-------- Data shown

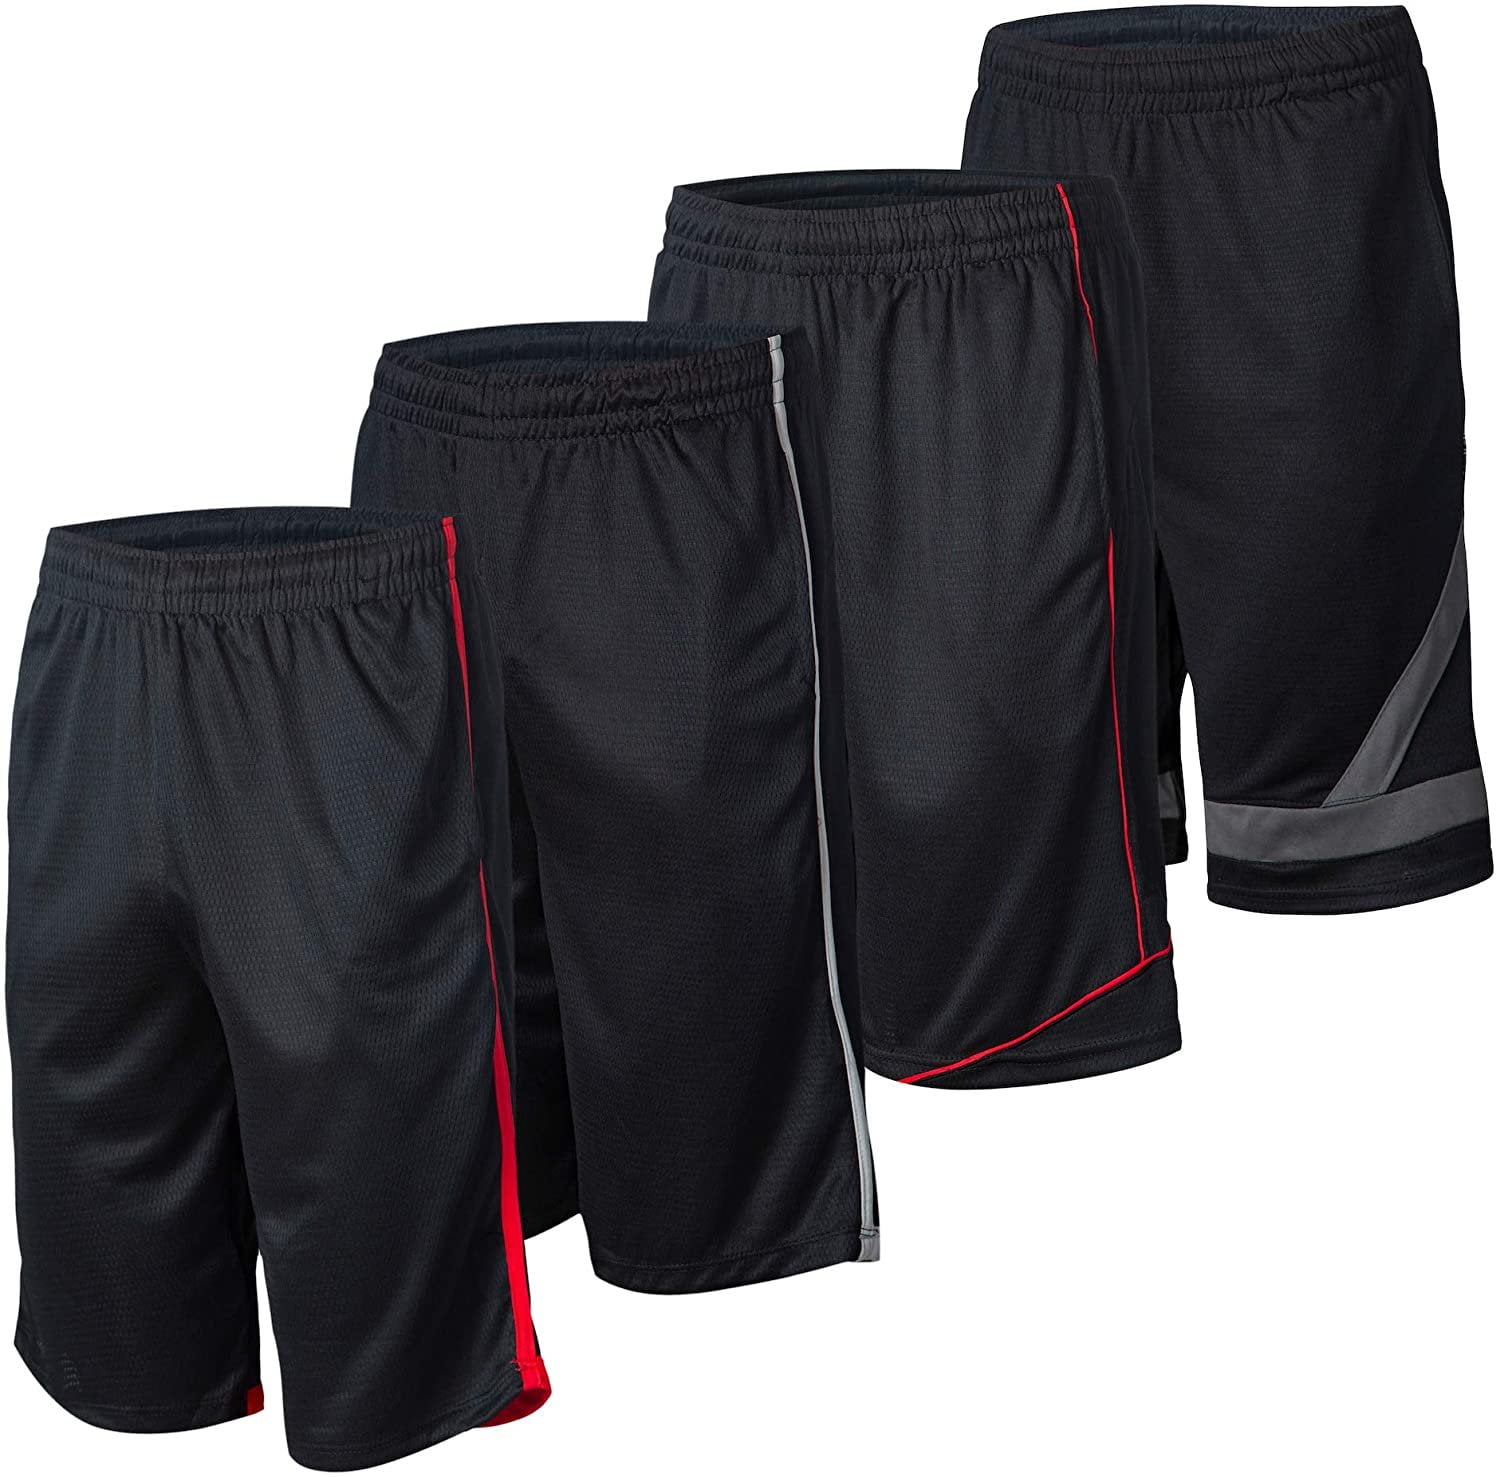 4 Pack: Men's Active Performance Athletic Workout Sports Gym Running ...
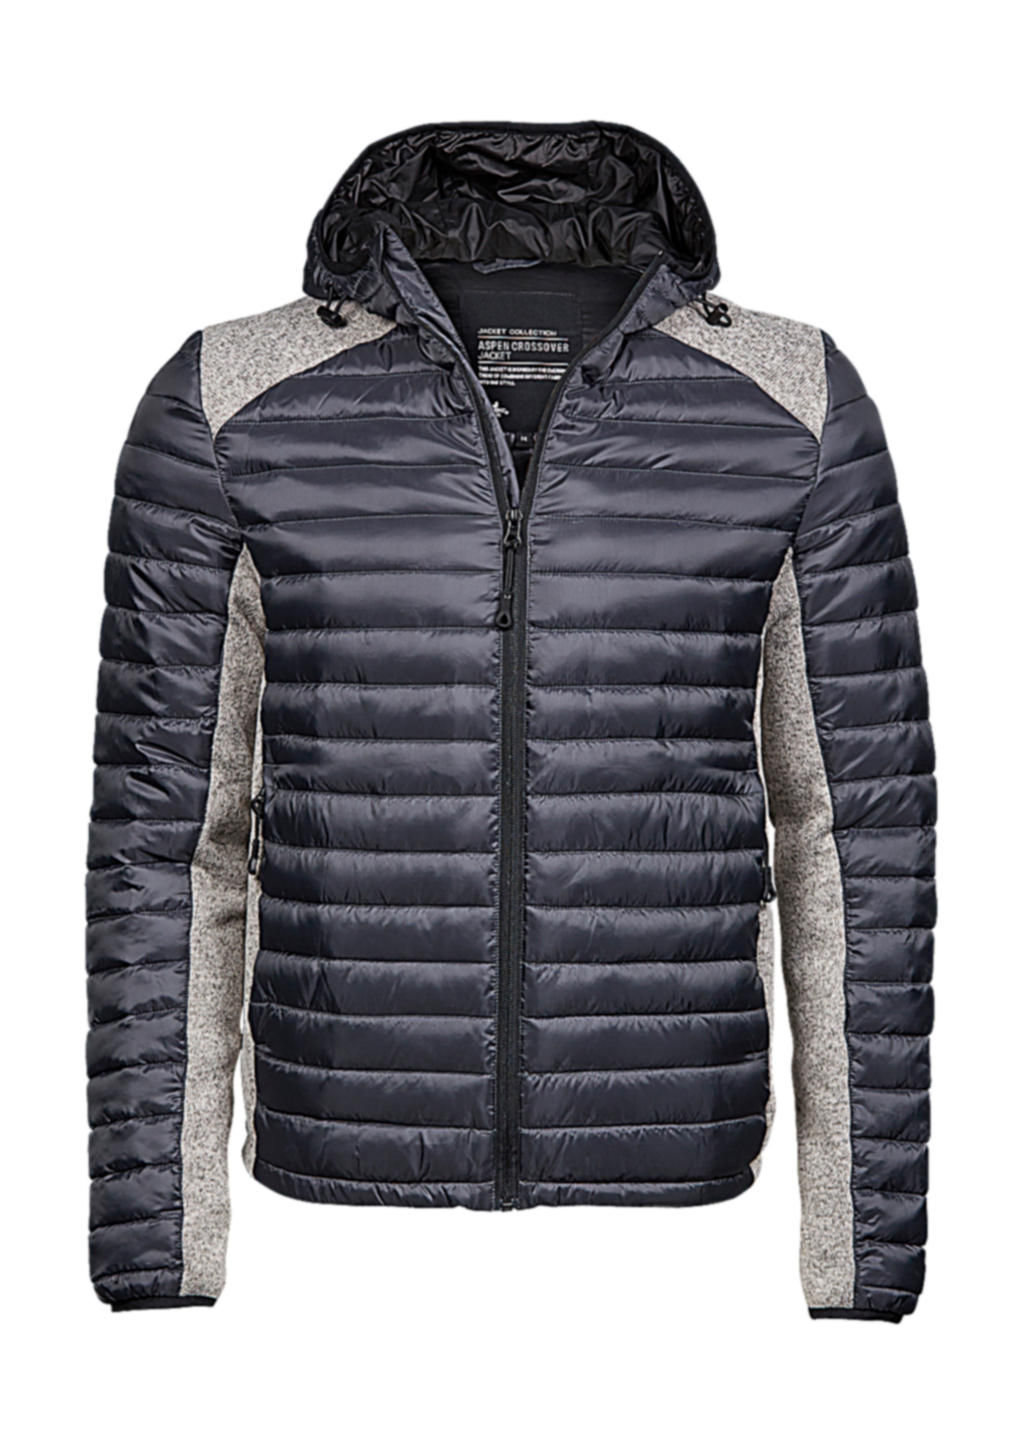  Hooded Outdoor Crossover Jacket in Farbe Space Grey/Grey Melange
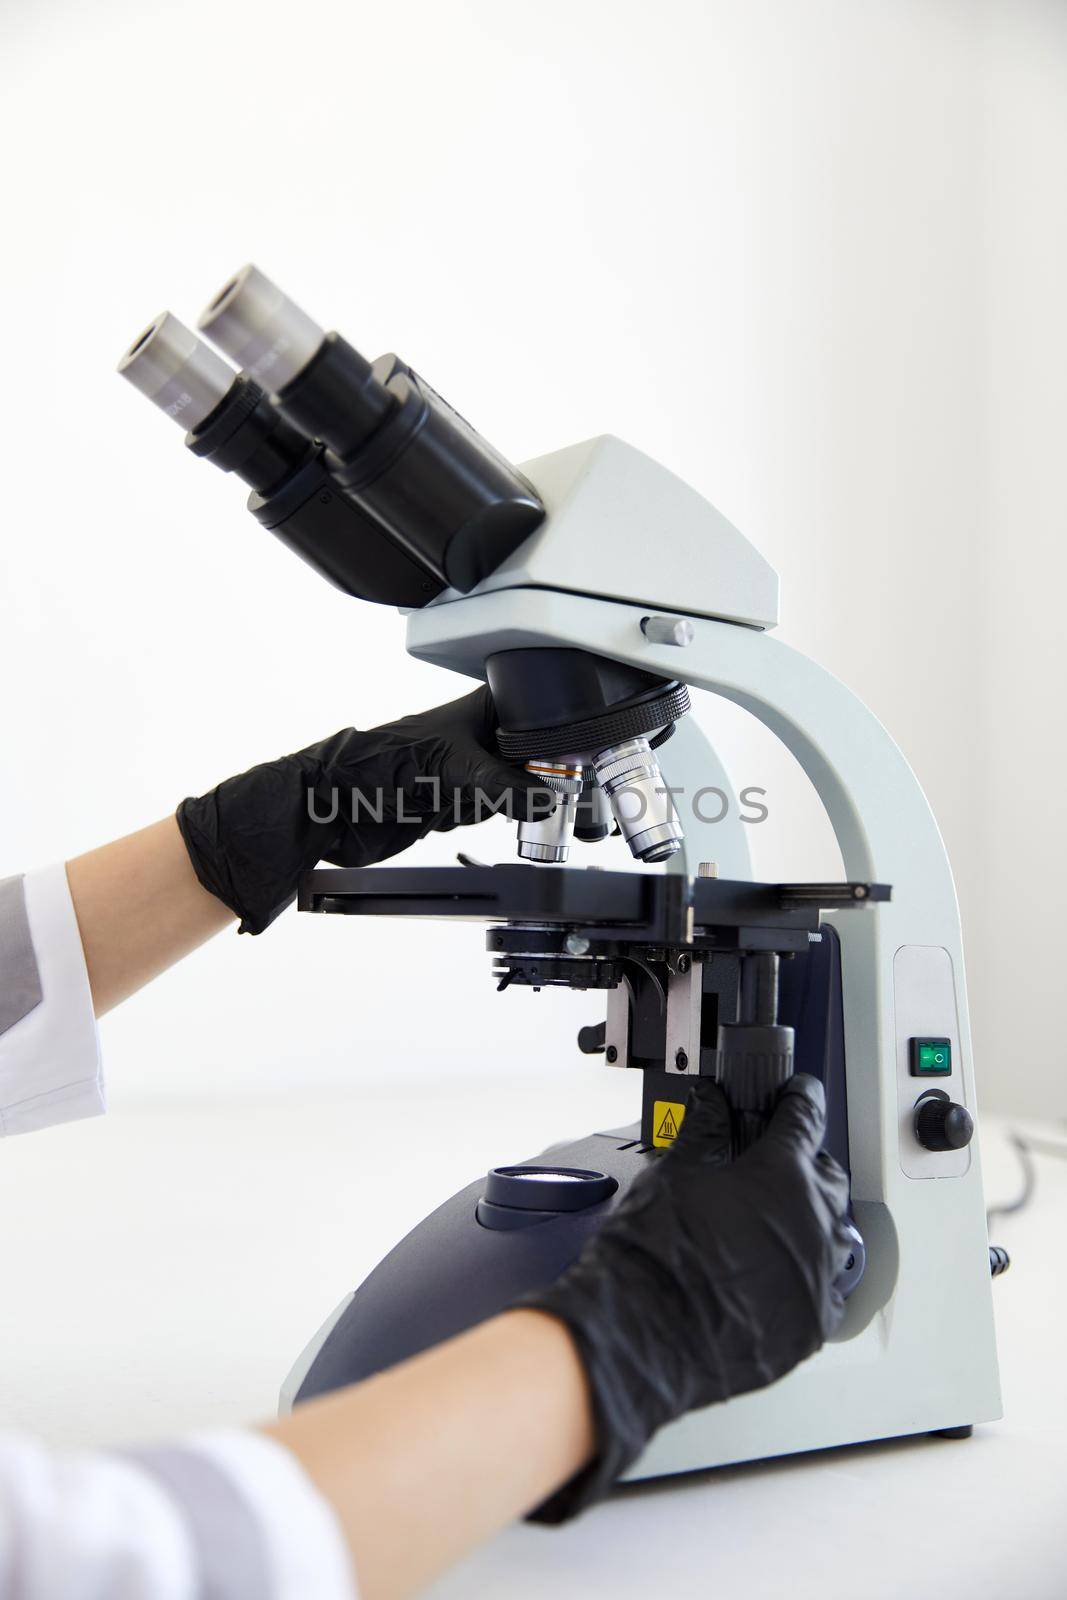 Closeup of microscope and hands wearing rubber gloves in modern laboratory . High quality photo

----------------

_The problem:_ With the pictures left out, copy exactly the lines from the one containing "Hooded Outdoor Crossover" through the last line of the data.

_Task output:_
  Hooded Outdoor Crossover Jacket in Farbe Space Grey/Grey Melange
 Closeup of microscope and hands wearing rubber gloves in modern laboratory . High quality photo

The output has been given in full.